Structured Personalization: Modeling Constraints as Matroids for Data-Minimal LLM Agents

Daniel Platnick; Marjan Alirezaie; Hossein Rahnama

Paper

Structured Personalization: Modeling Constraints as Matroids for Data-Minimal LLM Agents

Abstract

Personalizing Large Language Model (LLM) agents requires conditioning them on user-specific data, creating a critical trade-off between task utility and data disclosure.
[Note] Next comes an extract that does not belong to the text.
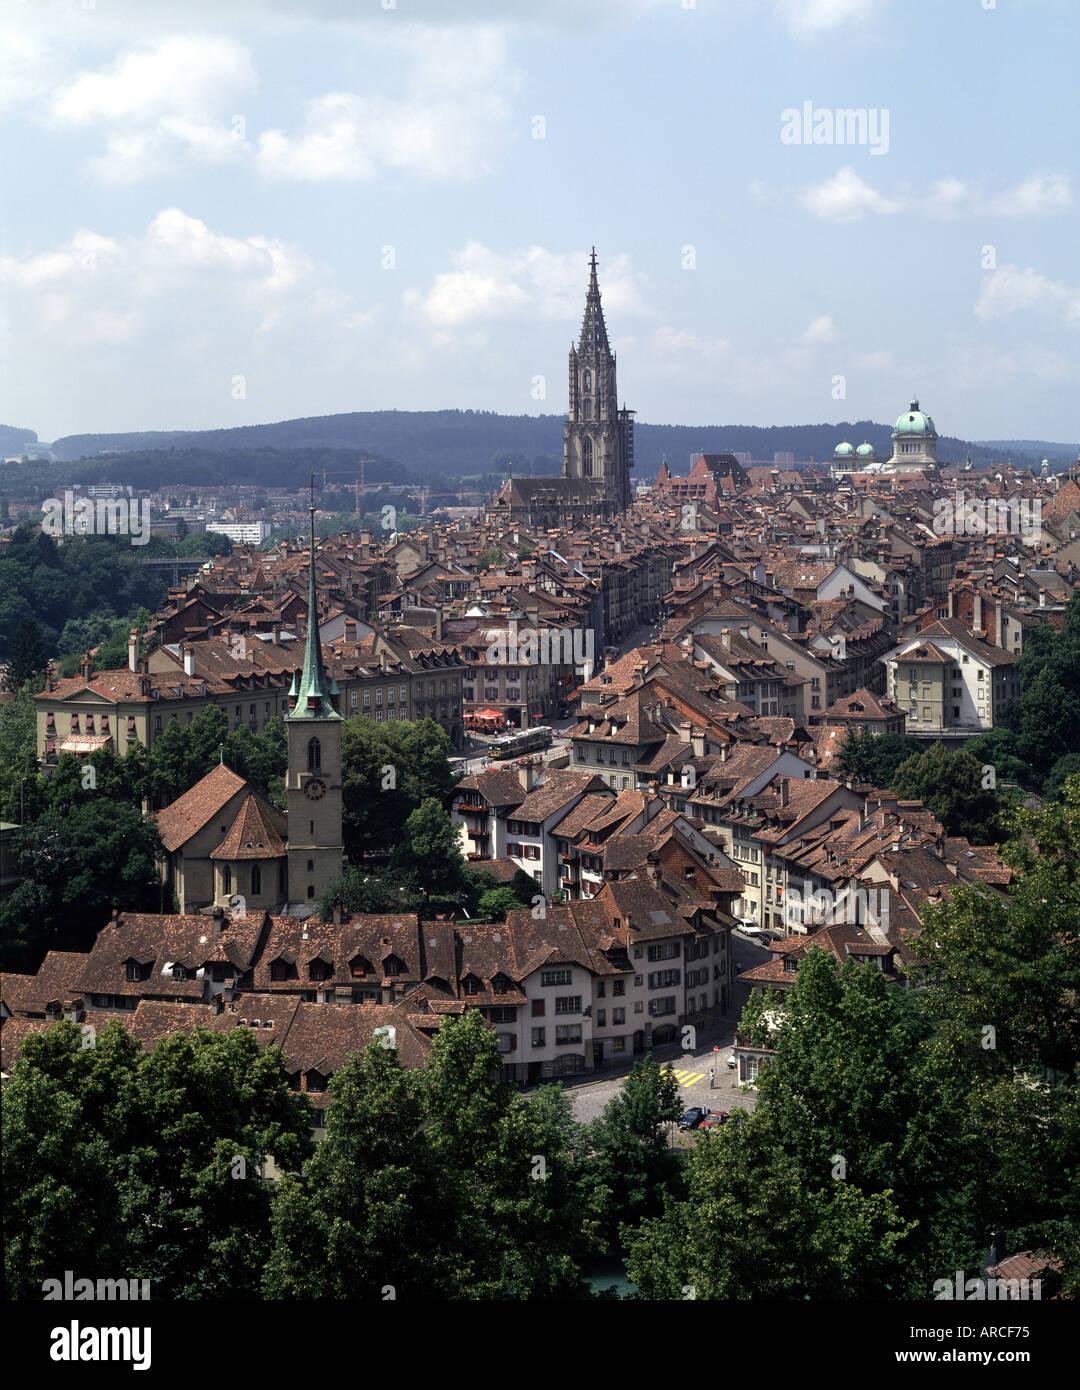 Küchenladen Bern Altstadt ~ bern, altstadt, von osten, blick vom rosengarten stock

While the utility of adding user data often exhibits diminishing returns (i.e., submodularity), enabling near-optimal greedy selection, real-world personalization is complicated by structural constraints. These include logical dependencies (e.g., selecting fact A requires fact B), categorical quotas (e.g., select at most one writing style), and hierarchical rules (e.g., select at most two social media preferences, of which at most one can be for a professional network). These constraints violate the assumptions of standard subset selection algorithms. We propose a principled method to formally model such constraints. We introduce a compilation process that transforms a user's knowledge graph with dependencies into a set of abstract macro-facets. Our central result is a proof that common hierarchical and quota-based constraints over these macro-facets form a valid laminar matroid. This theoretical characterization lets us cast structured personalization as submodular maximization under a matroid constraint, enabling greedy with constant-factor guarantees (and (1-1/e) via continuous greedy) for a much richer and more realistic class of problems.